So too regularly people ask me, you know, how do you do this calibration? And we have an application.

Yep, our procedures online. It is pretty straightforward. It does take some labor though.

It does take some work. We have lab technicians who scrubbed the little clay balls, you know, wet clay balls shredded homogenizes soil. I used to do this a lot. Yeah, but I, you know, one of the good things is it creates really good calibrations. And I’ve seen a lot of people like you know what we’re going to do, we’re going to skip all that work, we’re going to make a little tray, we’re going to put the sensor in the tray, we’ll put the tray on the scale, and we’ll just let it evaporate. Right, and it creates terrible cut.

That’s right. It is better to just use the factory calibration than to not do the calibration correctly.

Yeah. I’m glad you said that, because I hadn’t really thought about that. If you’re gonna do it badly, just use what we did. Because I can tell you that we spent time. But you know, if you’re going to take your time definitely calibrate if you want to.

You can get a 1 to 2% improvement, and some soils do really need a calibration. Yeah, some come in with crazy, bulk densities.
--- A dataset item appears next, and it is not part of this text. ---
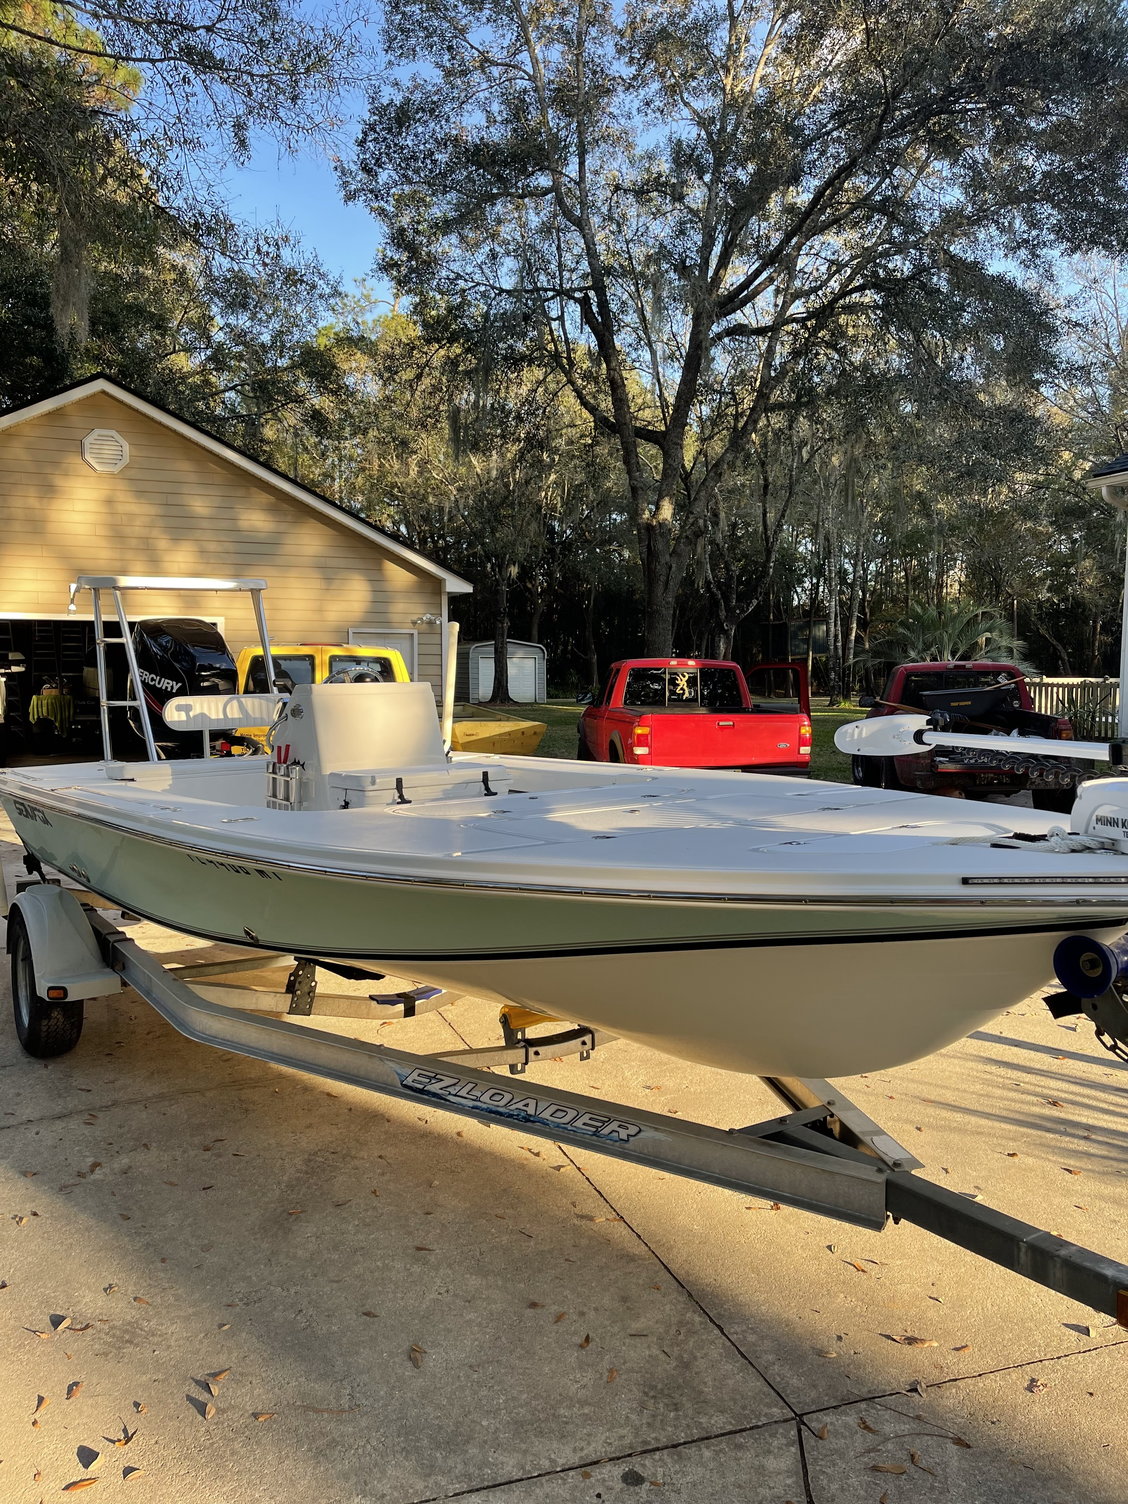 2005 seafox flats boat 200hp mercury - The Hull Truth - Boating and Fishing  Forum

We were talking about this earlier, talking about the bulk density, what range do we need to worry about?

Generally I mean, what is the typical bulk density? Sensors pretty robust to bulk density. And that’s from like, 1.25 to 1.7. Yep, anywhere in that range is probably not a big enough difference in bulk density to require a calibration. It’s kind of grim. And you probably have soil type differences in between there that are, you know, across that range as well, where we really seen crazy data is I don’t even know; the soil came from somewhere in California, but it came in with like a bulk density of point nine grams per centimeter cubed. Could you tell? And I mean, just I couldn’t tell, but the water content readings were crazy. And so that definitely needed custom calibration for that one.
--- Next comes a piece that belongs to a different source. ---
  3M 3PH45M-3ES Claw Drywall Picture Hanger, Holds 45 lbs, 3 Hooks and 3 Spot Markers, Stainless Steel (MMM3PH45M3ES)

And so I mean, we also in that calibration sheet, if you just want to take the bulk density, there’s ways to calculate that in there too. Yep, exactly. So that’s what I’d suggest to, you know, volcanic soils, for example. Yeah. Okay, Brad,

Asking about their application here. So I’m just gonna paraphrase because it’s a long question, but they’re saying that they’re growing one year old cork oak seedlings in five liter pots. They’re saturated, dried down, they did an experiment measuring the predawn leaf water potential and matric potential in the root zone and did not get a very good agreement between the two measurements. Can you explain why they would see a difference?

A predawn water potential is a pretty common tool for physiologists to understand the… basically it’s kind of a hack to get at the soil matric potential by measuring the water potential. Because he had to get up at this time of year, it’s like 3:30 in the morning. Yeah, but sometimes there must be valuable if you have to get up that or it’s hard. If you don’t have to do it very often, it’s fine. Right?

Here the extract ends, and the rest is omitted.